Inferred Feedback Methods:
- Customer behaviors on your website: use this data to see behaviors such as if customers are abandoning items in their cart, or perhaps there are web pages that are visited less often than others and have room for optimization.
- CRM data: whether your brand uses Salesforce or another brand, it can be helpful to overlay operational feedback with CRM elements like purchase history, a loyalty program, or a customer’s store account, which will show an important operational and segmentation piece of the puzzle.
Bringing Voice of Customer Examples to Life
Here are three of InMoment’s clients who have implemented the data collection strategies described above to provide their customers and employees with great brand experiences:
Foot Locker
As you can imagine, Foot Locker had a ton of data points on their hands. The brand had loads of customer behavior intelligence, but this data was coming from so many sources that it was hard to see the big picture. Using the InMoment XI Platform, this brand was able to consolidate all of its operational data sources and listening posts into one platform, giving it the intelligence needed to create a unique experience for every customer. The result? Foot Locker reduced customer listening costs, added new listening posts across video and social media, and experienced faster and more accurate resolution to its business challenges.
Docusign
Signing a digital agreement is now table stakes for most companies. That’s in large part thanks to DocuSign, a brand where growth is driven by customers who share the easy, secure e-signature experience with colleagues and clients. To listen to its customer feedback, the DocuSign product team uses in-app NPS microsurvey feedback to continually optimize end user experience. This Net Promoter Score program, powered by InMoment, also identifies brand enthusiasts who are the engine of a robust customer advocacy program.
Glassdoor
This brand uses the InMoment Platform to capture a unified view of employer experience, and now thousands of cross-industry employers across use the Glassdoor website to help them recruit and hire quality candidates.

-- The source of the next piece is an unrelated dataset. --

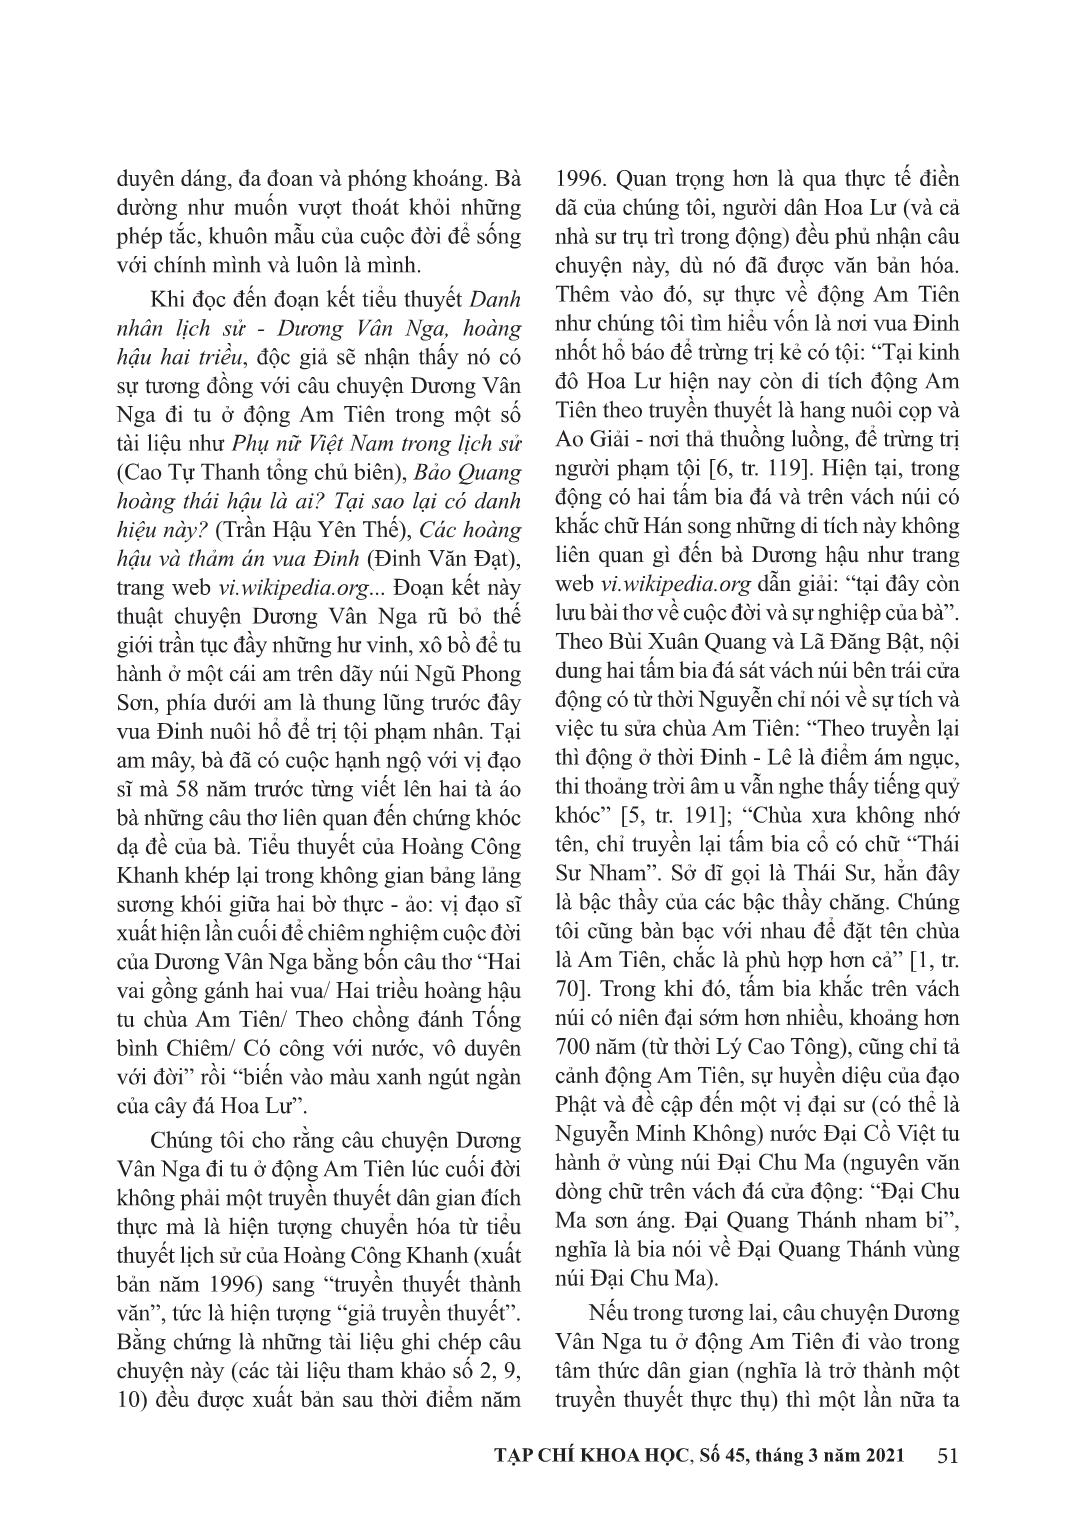 Nhân vật Dương Vân Na trong văn học nghệ thuật đương đại trang 4

Putting the five phases of continuous improvement to the ultimate test, Glassdoor monitors and improves the entire customer journey using microsurveys to capture sentiment at moments that matter for employees. Integration with Salesforce enables front line teams to close the loop with customers in real-time. Advanced text and sentiment analytics empower Glassdoor teams to analyze feedback, and customized dashboards ensure that each team can quickly see what is important to them and prioritize improvement efforts.
Wrapping Up
Voice of customer and experience improvement programs have dramatically evolved over the last few decades—what used to be limited to direct survey feedback has extended to include indirect and inferred feedback methods too. The power of a VoC program is in the five elements of achieving continuous improvement: design, listen, understand, transform, and finally, realize business value. We truly believe it’s improving experiences that turns customers into lifelong brand advocates, helping your business achieve its objectives at the same time.